Azure Storage Basics
Use a GPv2 storage account as the baseline mental model for Azure Storage in this topic. It is the general-purpose account type builders usually start with when an Entra-adjacent system needs durable files, export payloads, simple queues, or lightweight structured records.
Azure Storage is not one thing. It is a family of storage services with different roles. The main builder question is not “do I need storage?” but “which storage surface matches the artifact or handoff I need to keep?”
Blob Storage
Blob storage is the default place for large objects and file-like payloads that do not need a mounted filesystem.
In Entra-adjacent systems, that often means:
- exported reports,
- staged payloads from Graph or downstream systems,
- raw event captures,
- audit snapshots,
- large reconciliation artifacts,
- temporary files that later processors consume.
Blob storage is a strong fit when objects are written once, read many times, or moved through processing stages. It is a weaker fit when the workload actually needs message semantics or low-latency transactional state.
Azure Files
Azure Files gives you SMB or NFS-style file shares when a workload needs a conventional filesystem boundary.
That matters less for cloud-native serverless handlers and more for:
- legacy tools that expect a mounted share,
- batch processes that write named files into a shared location,
- VM-hosted or hybrid components that integrate through files rather than APIs.
Use it when the file-share contract is part of the system boundary. Do not add it just because the data happens to be file-shaped.
Queue Storage
Azure Queue Storage is the simplest message queue in the storage family. It can work for lightweight asynchronous handoff where you mainly need buffering between producers and consumers.
It is useful when:
- the message rate is modest,
- the workflow is simple,
- advanced broker features are unnecessary,
- cost and simplicity matter more than rich delivery control.

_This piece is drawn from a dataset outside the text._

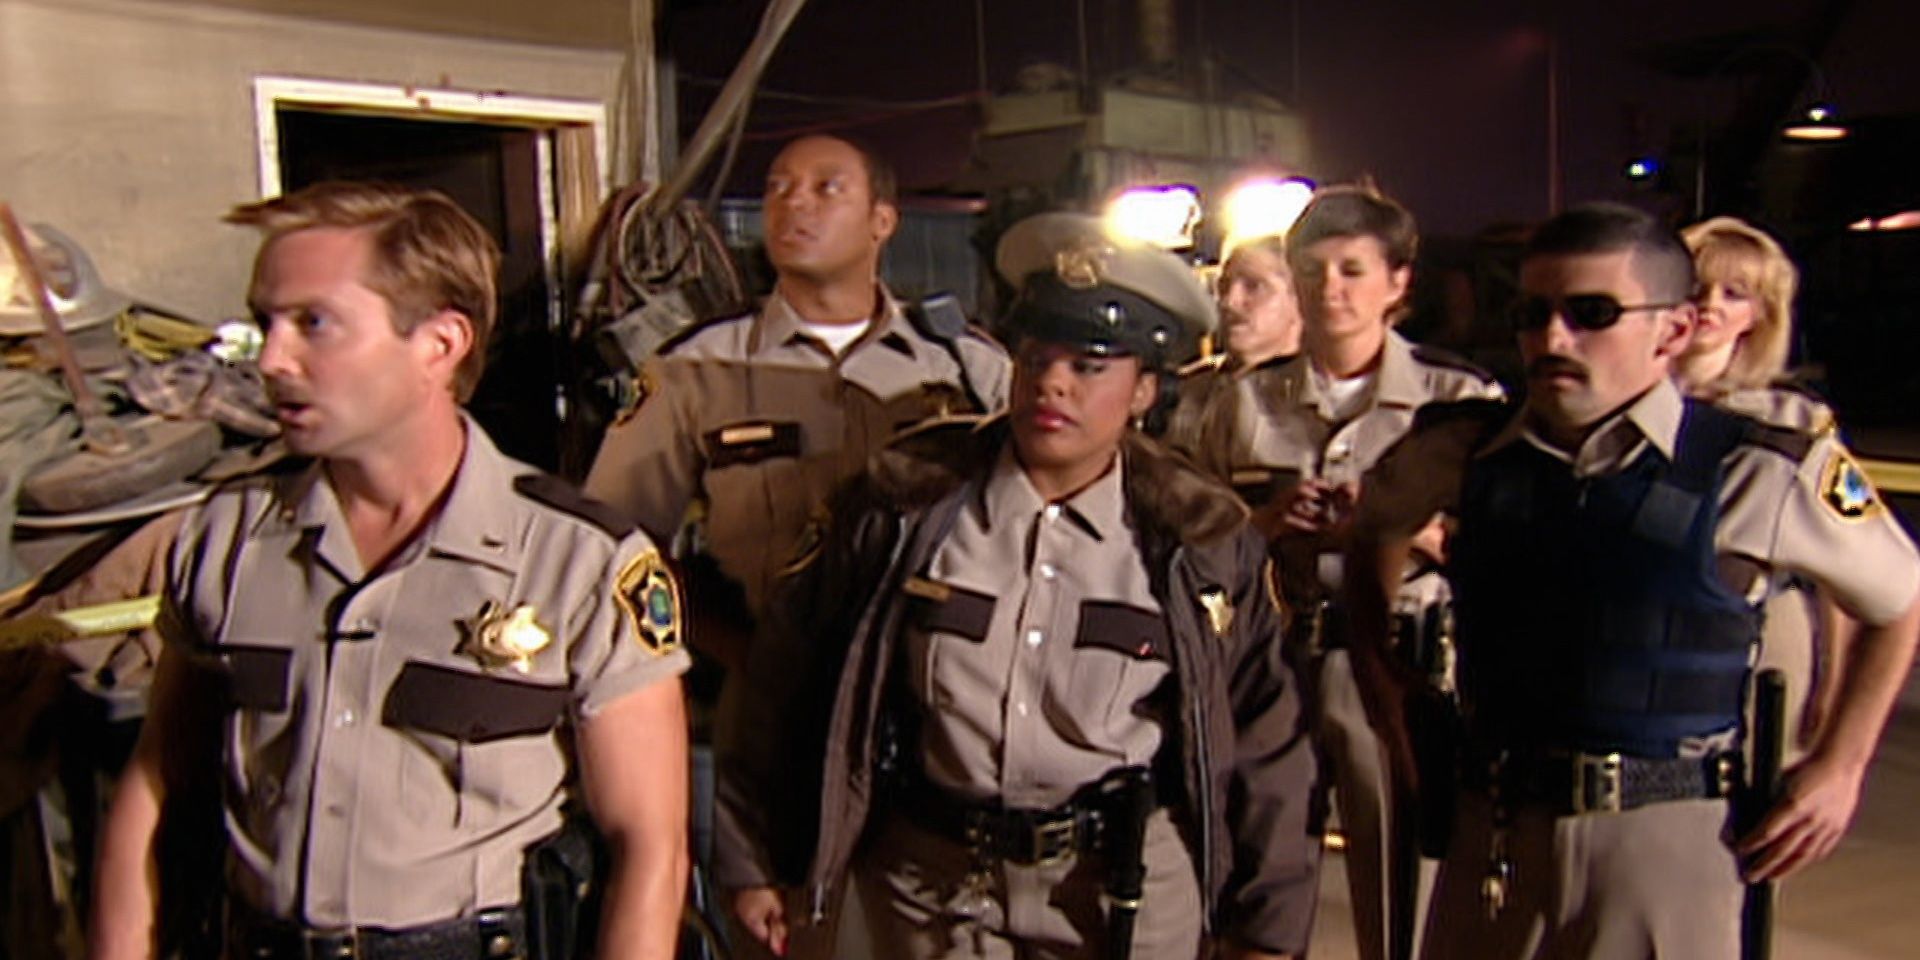 The cast of Reno 911 looking surprised

It is not interchangeable with Service Bus. Queue Storage does not give you the same workflow-oriented semantics such as topics and subscriptions, sessions for ordered coordination, or more advanced dead-lettering patterns. When delivery guarantees and orchestration behavior matter, use Service Bus for Workflows instead.
Table Storage
Table storage is a simple key-based NoSQL surface for structured records. In this topic, it is mostly relevant for small durable datasets where the access pattern is straightforward and the workload does not justify Cosmos DB.
Possible uses include:
- small lookup tables,
- simple status rows,
- coarse checkpoint metadata,
- lightweight integration configuration.
Once the system needs richer querying, stricter throughput planning, multi-region behavior, or more serious coordination patterns, Cosmos DB is usually the better fit.
Where Azure Storage Fits Around Entra
Azure Storage usually sits beside the main control-plane and workflow services rather than replacing them:
- Graph provides identity state and administrative actions.
- Functions or workers process the logic.
- Storage holds large artifacts, raw payloads, and simple durable handoff data.
- Cosmos DB keeps richer workflow state.
- Service Bus handles durable workflow messaging.
That separation prevents an architecture from forcing every problem into a storage account because it is already present.
Practical Guidance
Start with GPv2, then pick the storage surface that matches the artifact:
- Blob for large objects and exports.
- Files for shared filesystem contracts.
- Queue for simple buffering.
- Table for lightweight structured records.
If the design starts asking for retries, ordered coordination, or subscriber fan-out, move from storage queues to Service Bus instead of stretching the simpler storage primitive past its role.